The bulk of the logic in the existing ingestion engine is used to track and sync collections. Since this will be mostly handled by the processing pipeline and we want to make these changes in a backwards compatible way to reduce change management overhead, we should create a new version of the engine.

The ingestion engine has the following responsibilities:

  1. Load and maintain the Results Forest
  2. Track receipts received from execution nodes over push-receipts
  3. Index block/collection mapping for finalized blocks
  4. Index block/result mapping for sealed blocks
  5. Record transaction timing metrics
  6. Request and track collections from collection nodes (as a backup)

Load and maintain the Results Forest

On startup, the ingestion engine loads the LatestPersistedSealedResultHeight, and initializes the forest using the result for this block as the base. It then ExecutionResults and ExecutionReceipts for all descending blocks into the forest. Depending on the state of the node, there may be a small or large number of sealed results, as well as a set of unsealed results.

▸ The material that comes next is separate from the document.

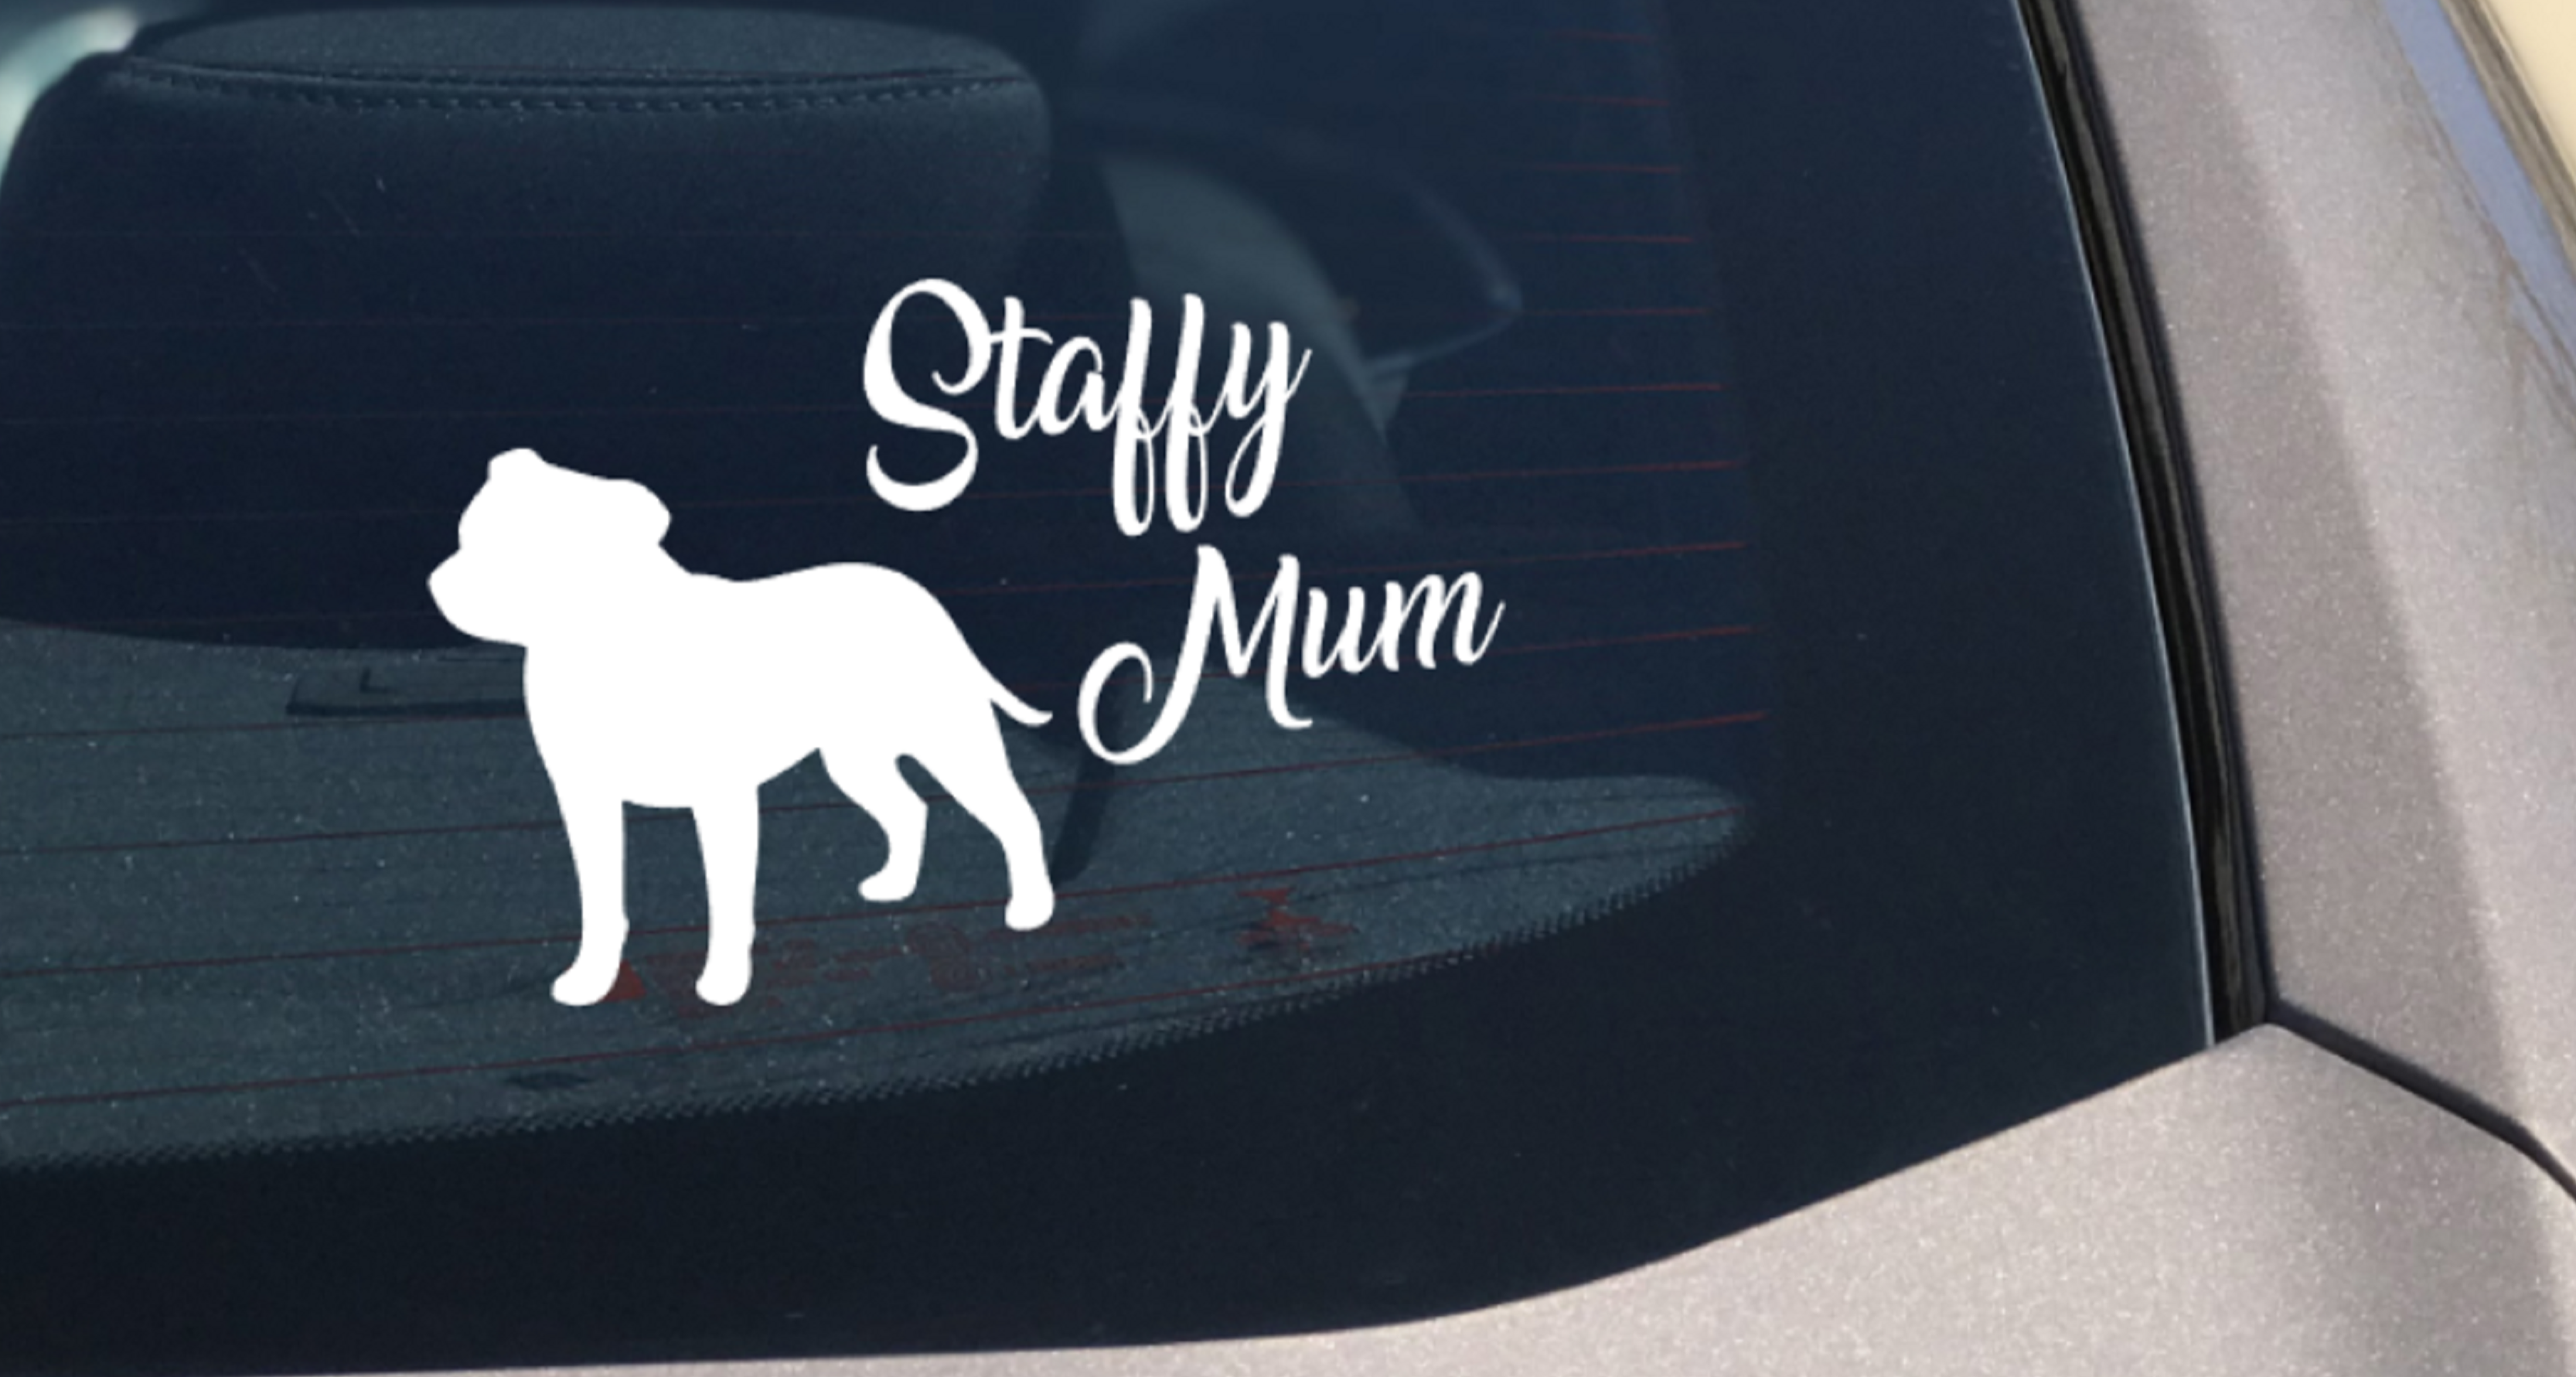 Staffy Mum car Sticker, Staffordshire Terrier Mum Car Decal Sticker. Love Staffy. Dog Mum Decal. Dog Mom Sticker - My Crafty Dog
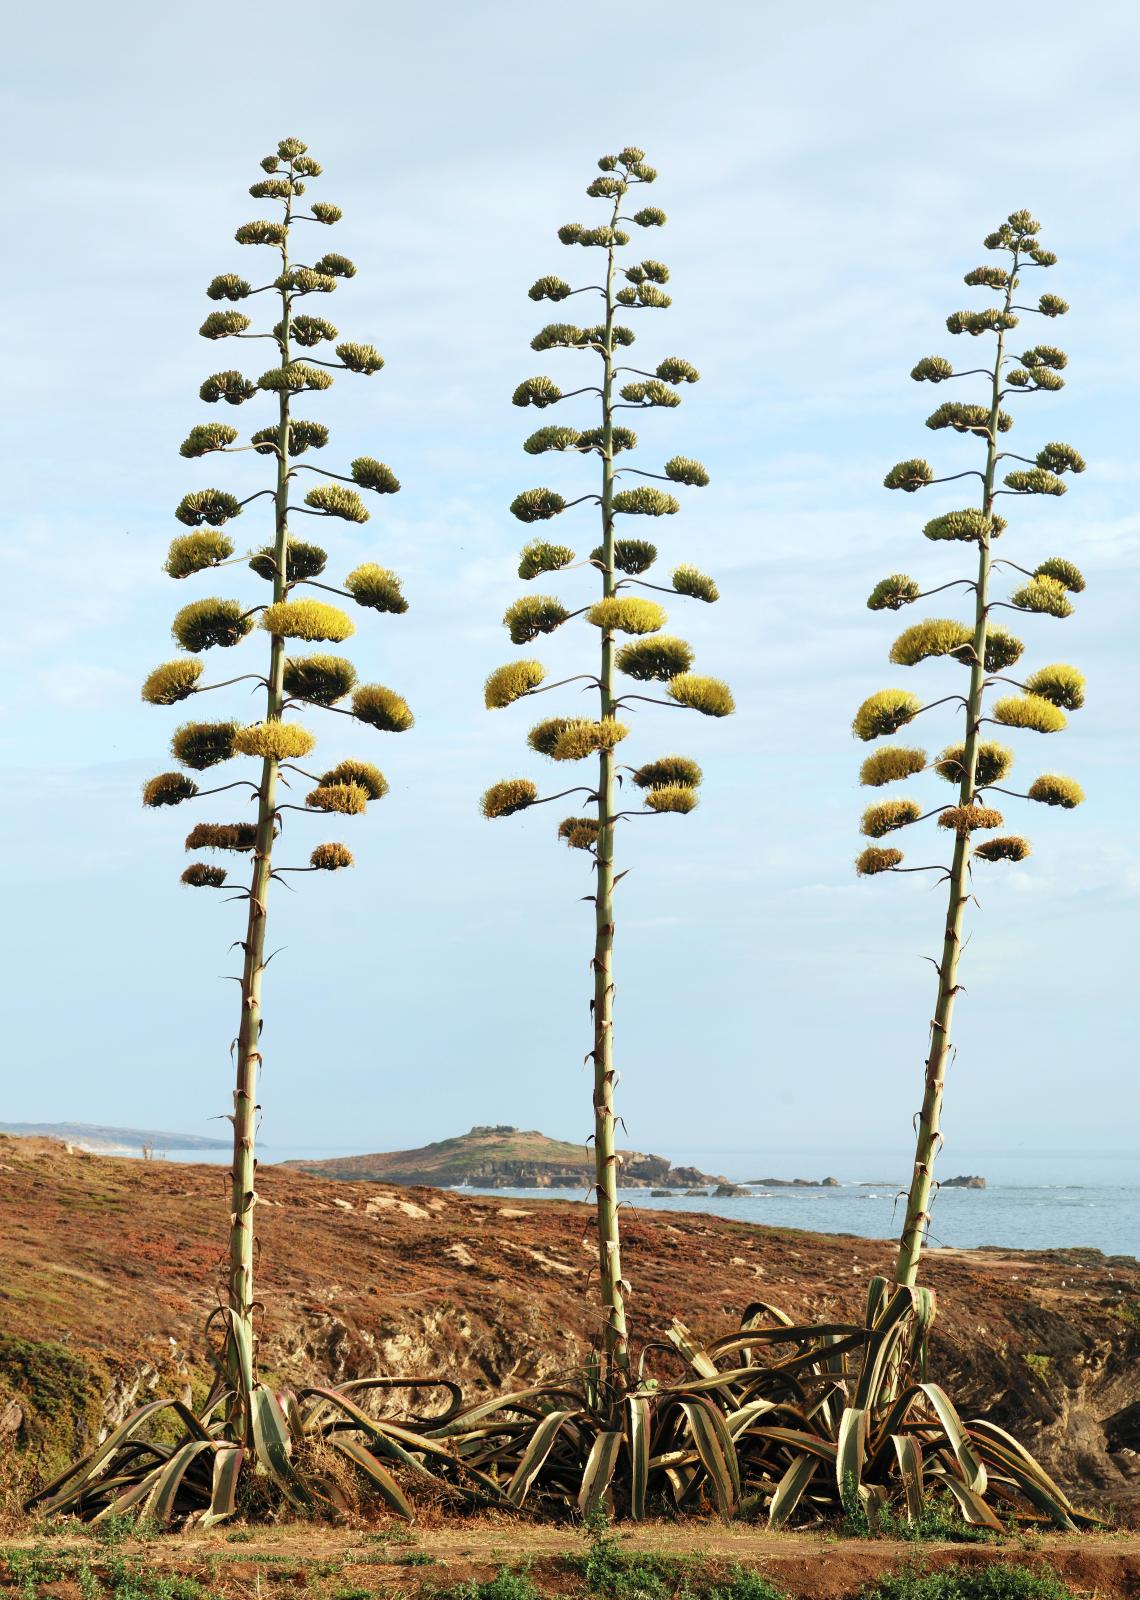 century plant (agave americana), in bloom | feedipedia

We can generalize this to 3 cases:

  1. The node is starting after a restart: the node is likely only a few minutes behind the network, so there should be small number of sealed and unsealed results (hundreds).
  2. The node is starting after an extended downtime: there will only be a few locally sealed results on startup. However, the node’s follower engine will quickly seal blocks as it catches up with the network, and sealing will outpace ingestion. Depending on how long the node was offline, this could result in millions of results getting added to the forest.
  3. The node has been online for a while, and just enabled indexing: there will be a large number of sealed results to add, which could result in millions of results getting added to the forest.

Case 1 is the happy path, and we should load all results into the forest and immediately start ingesting results from the network.

For cases 2 and 3, the loader will quickly fill the forest to its max size, and need to wait for pipelines to complete or be abandoned before adding more. We should not start ingesting results from the network since these would compete with the finalized data for space.

In case 2, the forest may not fill until after the initial persisted blocks are all loaded. i.e. it may fill with real-time network data. The ingestion engine would then need to fall back to loading results from disk.

In case 3, the loader could stay running until all data is loaded, switching to a real-time mode afterwards.